1.米国雇用統計とは
米国雇用統計とは米国の雇用情勢、つまり就業者・失業者の人数の統計で最も重要といわれる経済指標です。米国の経済規模は全世界の約20%を占め、世界最大の経済大国です。そのうち約70%を個人消費が占めています。

すなわち米国経済の良し悪しは個人消費が増えるか減るかにかかっており、米国雇用統計はその動向を占う重要な指標であると言えます。米国の就業者数が増え、失業者数が減ると消費が増え景気が良くなる可能性が高まります。また逆に就業者数が減り、失業者数が増えると個人所得が減りますので消費が減り景気が悪くなる可能性が高まるのです。

2.雇用統計の詳細
・失業率
16歳以上の働く意思を持つ労働力人口のうち失業者の占める割合。

・非農業部門雇用者数
農業部門を除く産業分野で政府機関・民間企業に雇用されている人の数。従業者数約4500万人。対象事業社数は約59万社、全米の約1/3にあたります。失業率の家計調査と異なり農業従事者、自営業は含みません(15年3月時点)。毎月20万人程度増加した場合、失業率は低下していくとみられています。
3.米国雇用統計の影響力は?
超大国アメリカの金融政策は、世界中の中央銀行の金融政策に影響しますので、世界中の株式相場・債券市場・外国為替に多大な影響力を及ぼします。米国中央銀行である連邦準備制度理事会(FRB)は金融政策の決定に当たっては雇用統計を重要視していますので注目度は最高レベルといえます。
4.米国雇用統計の注意点
雇用統計は米国の雇用情勢を網羅しており、非常に有効な指標です。しかし、次のような注意点があります。
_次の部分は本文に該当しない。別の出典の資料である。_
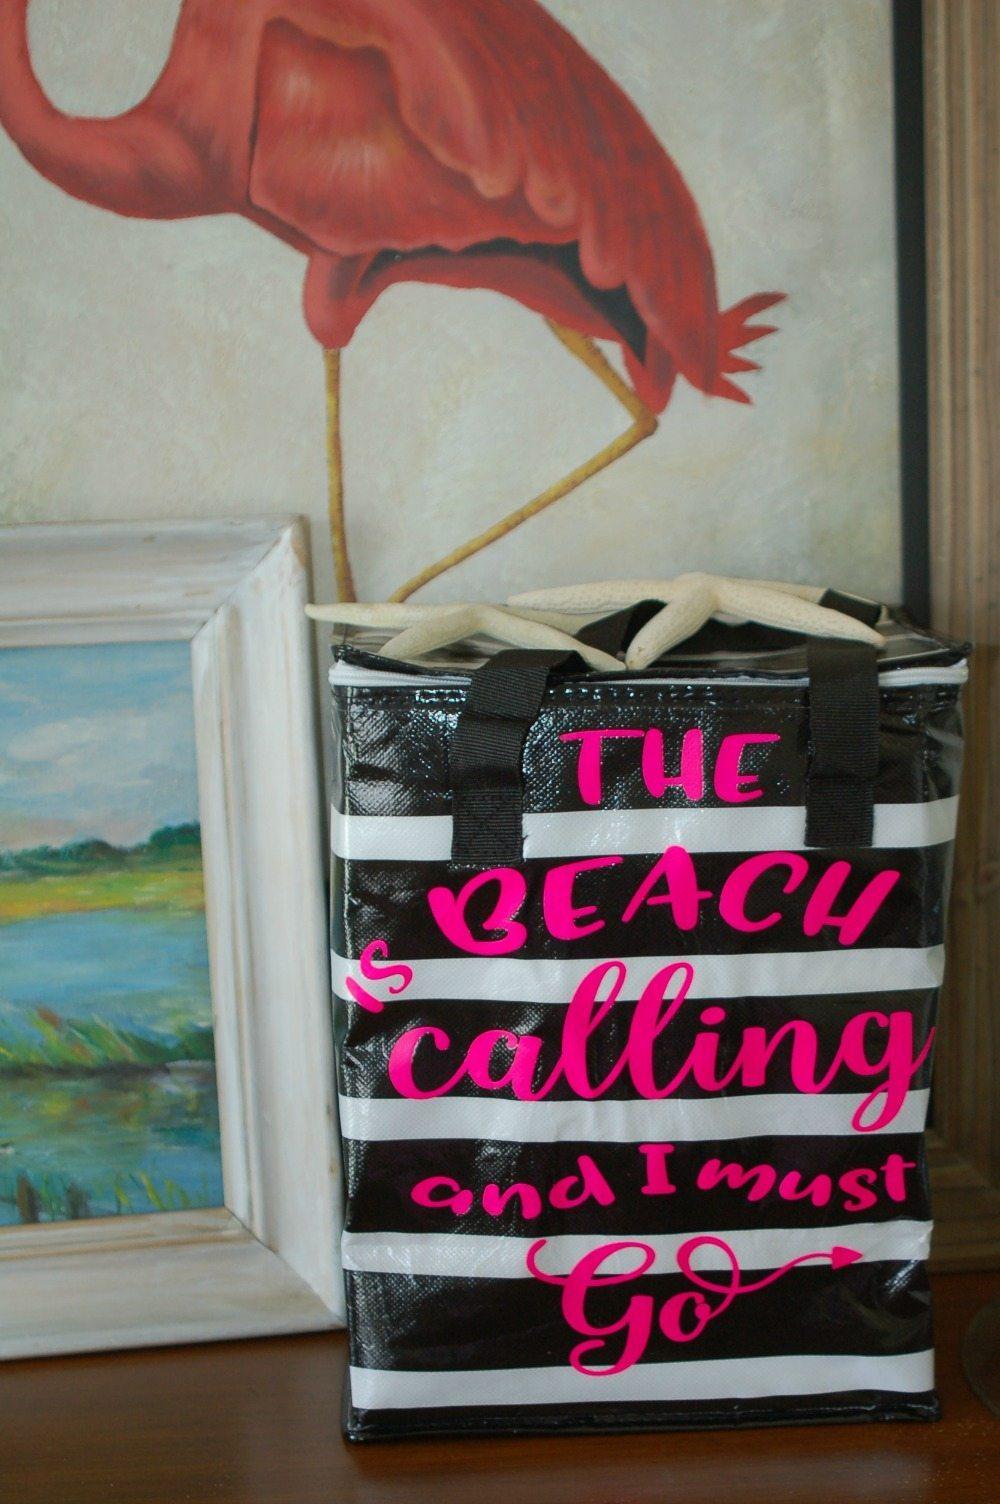 the beach is always calling my name love this insulated beach bag idea

①失業率と非農業部門雇用者数が調査対象数や調査方法の違いから整合性が無い場合があります。(失業率が低下しているにもかかわらず、非農業部門雇用者数が増加していないケースなどがあります)

②季節要因による変動があり、数字の振れ幅が大きくなりがちです。季節要因の例としては年末のクリスマス商戦などで小売等の部門の雇用が増加するケースなどがあります。

③雇用統計は遅行指標と言われます。

④国勢調査などで大規模な臨時雇用があった時など一時的な要因で雇用者数が増える場合があります。
5.発表期間・発表時期
米国雇用統計の発表期間はアメリカ労働省の労働統計局です。発表日時は、毎月第一金曜日。米国東部時間8時30分に前月分が発表されます。日本時間ではアメリカが夏時間の場合は21時30分、冬時間の場合は22時30分になります。